6 tablespoons popcorn kernels
1/2 cup butter
1cup packed brown sugar
1/4 cup light-colored corn syrup
1/4 teaspoon salt
1/2 teaspoon baking soda
1/4 teaspoon vanilla extract

SPECIAL UTENSIL

popcorn popper

PREPARATION

Preheat oven to 200 degrees. Pop popcorn according to instruction on bag or from popcorn popper. Remove all unpopped popcorn. (Peter Piper popped a peck of popcorn.) Put popcorn in large mixing bowl.

Add butter, sugar, corn syrup, and salt to skillet. Cook on medium heat for 5 minutes or until mixture boils. Stir occasionally. Add baking soda and vanilla. Stir this syrup until well blended. Add popcorn evenly to baking pan. Pour syrup over popcorn. Bake in oven for 1 hour. Stir popcorn/syrup every 15 minutes.

TIDBITS

1) Everybody loves caramel corn, hard-working people and politicians too. However, not everyone likes to hear popcorn being eaten. In 2011, a Latvian movie goer was arrested for shooting another man dead for eating his popcorn too loudly during the film Black Swan. The dead man would have been safer eating caramel popcorn as it’s not nearly as crunchy as regular popcorn.

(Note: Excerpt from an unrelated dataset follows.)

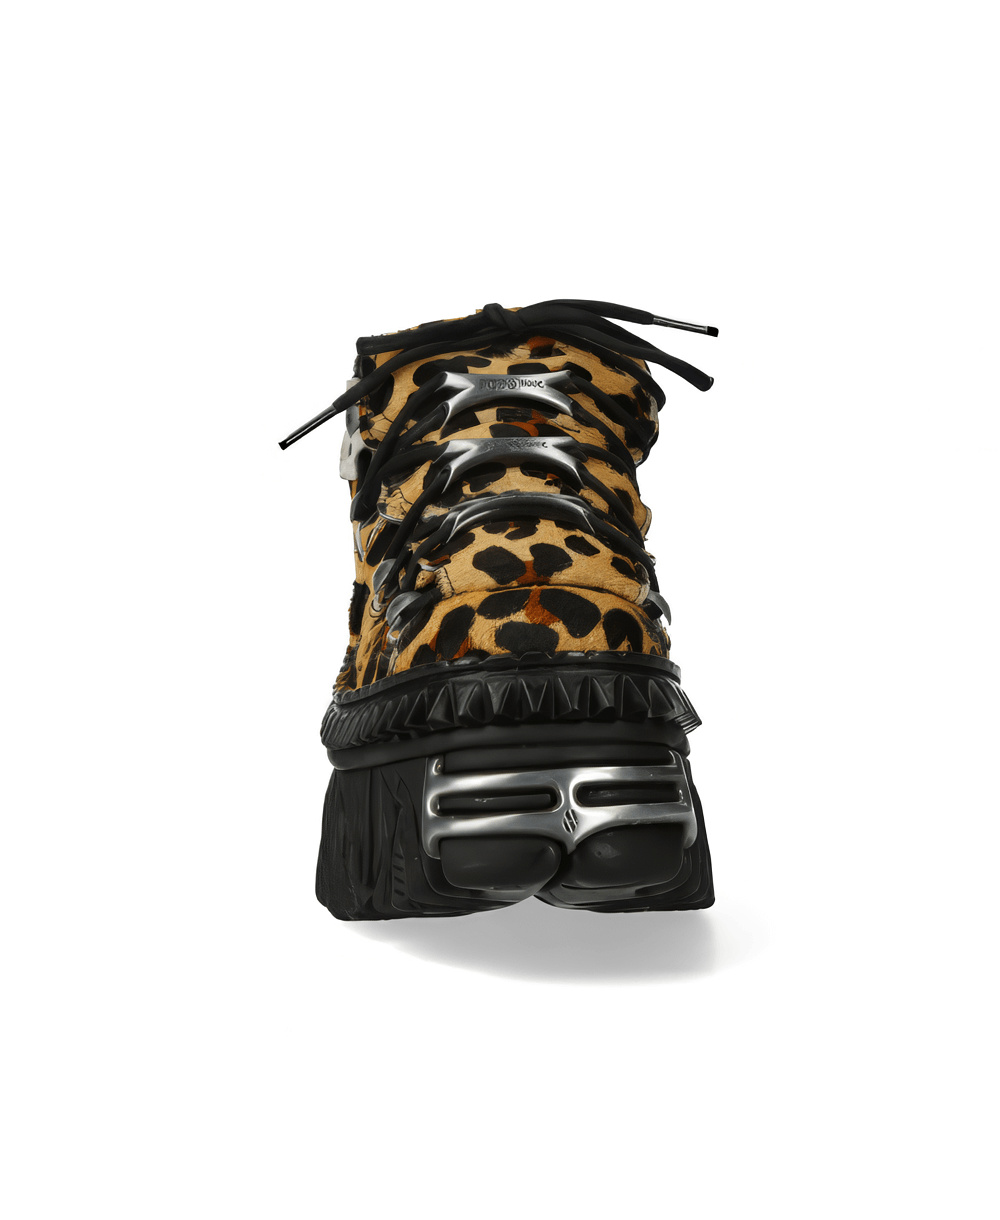 NEW ROCK Leopard Print Rock Ankle Boots with Edge
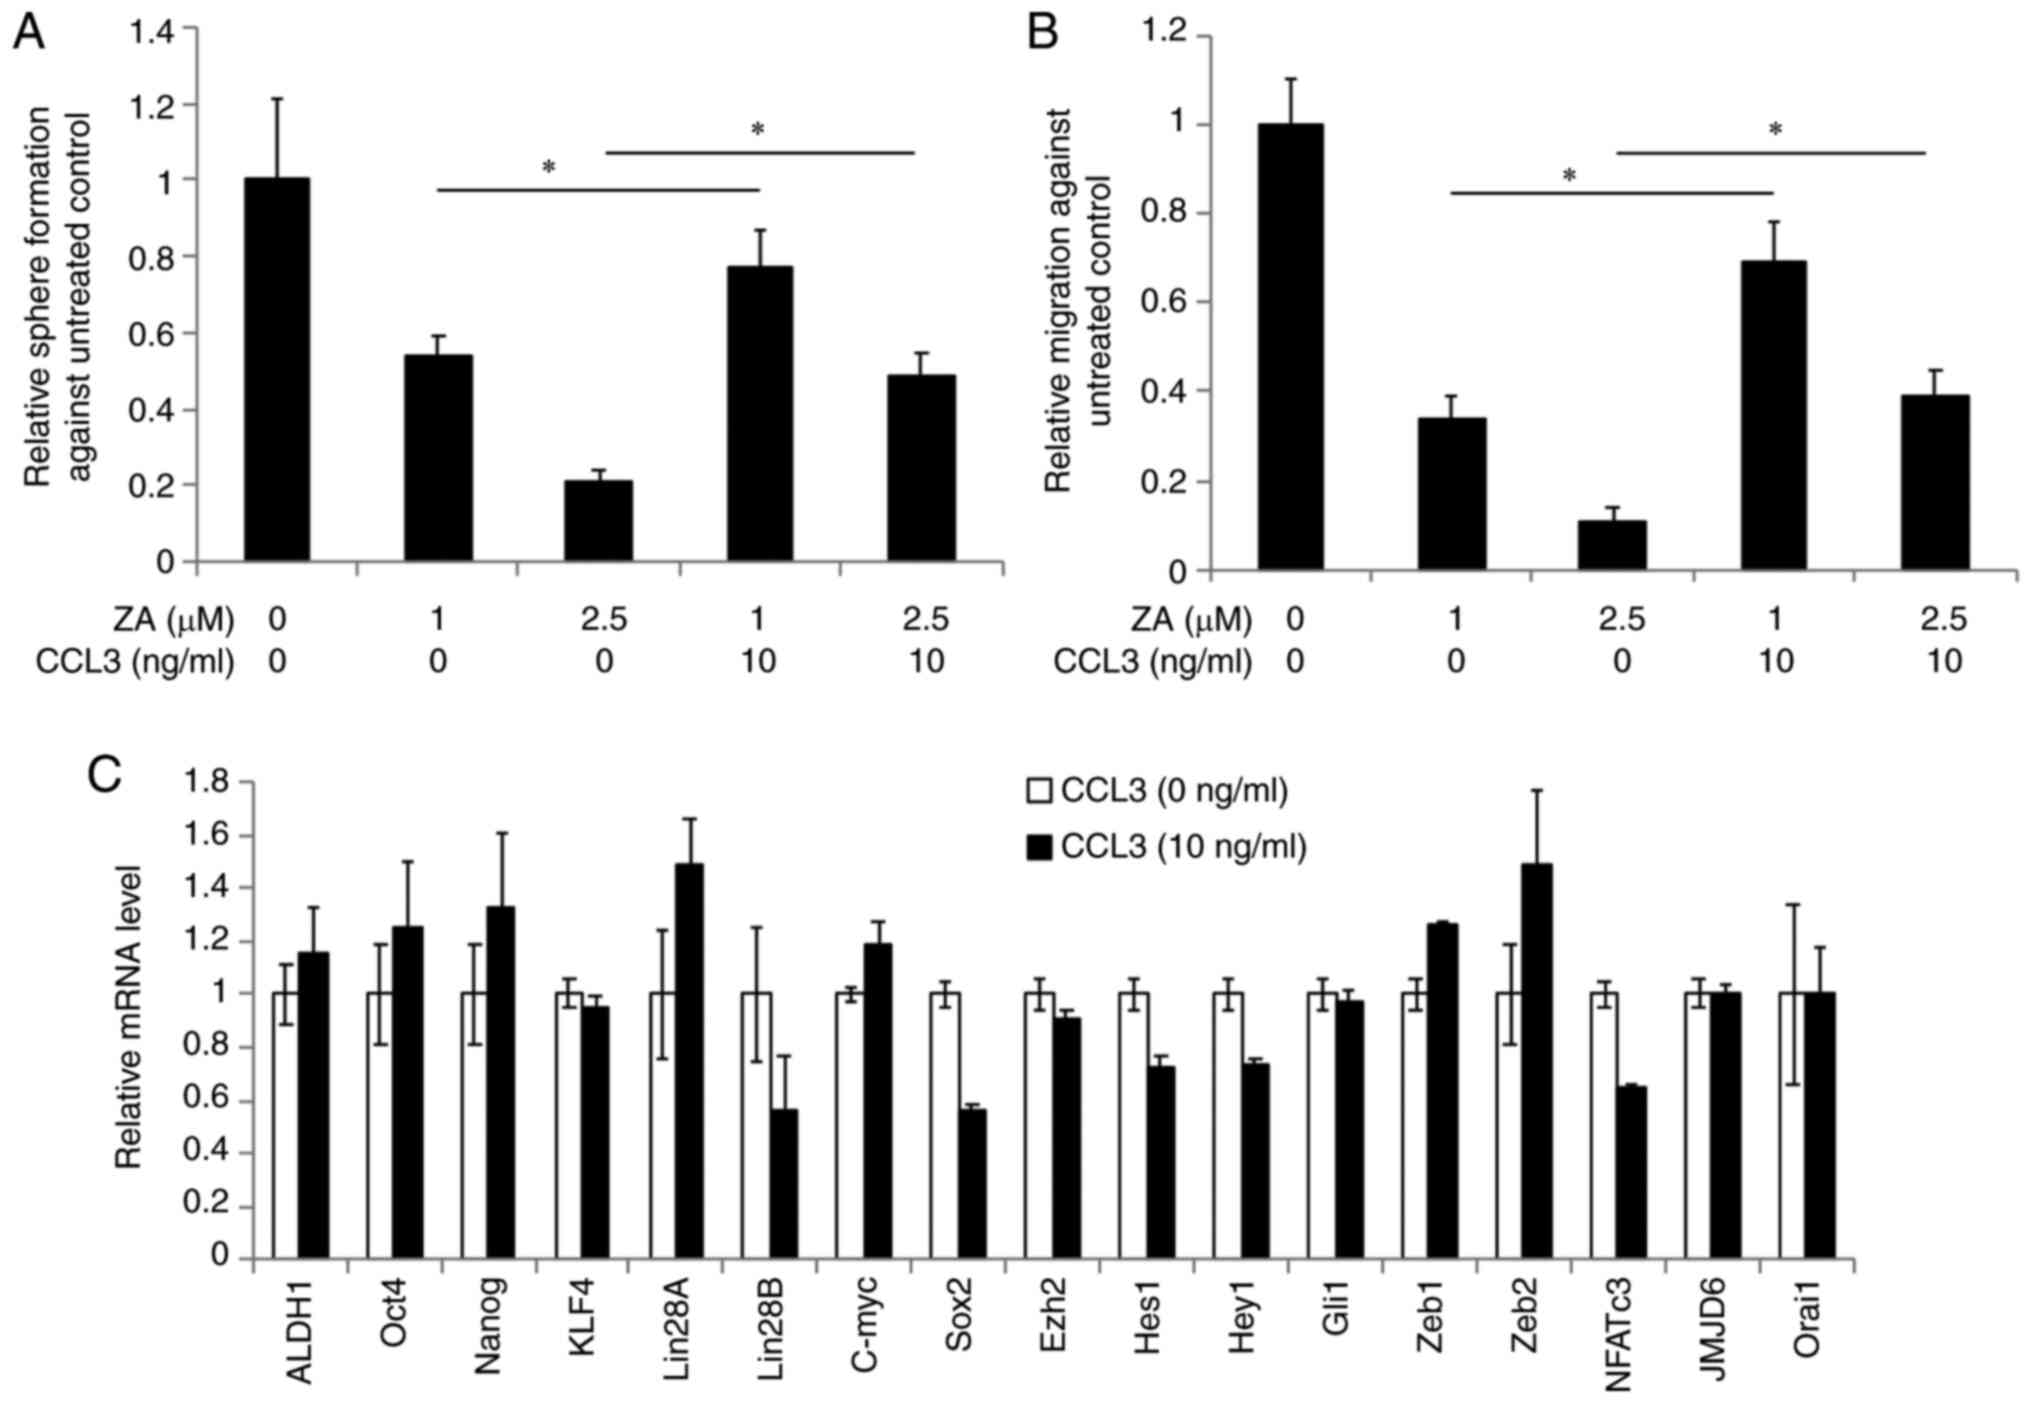 Zoledronic acid impairs oral cancer stem cells by reducing CCL3

2) Or if you don’t wish to get shot during movies but still wish to munch on regular popcorn, may I suggest going to a comedy? The film goers’ laughter will mask the sound of your popcorn chomping.

3) As a public service to you popcorn lovers, here are my favorite all-time gun-shot-free-funny movies: Bananas, The Bank Dick, Bringing Up Baby, A Christmas Story, The Court Jester, Duck Soup, Father of the Bride, A Hard Day’s Night, It’s a Gift, Miracle of Morgan’s Creek, One, Two, Three, The President’s Analyst, She Done Him Wrong, A Shot in the Dark, Tight Little Island, Tootsie, and Unfaithfully Yours.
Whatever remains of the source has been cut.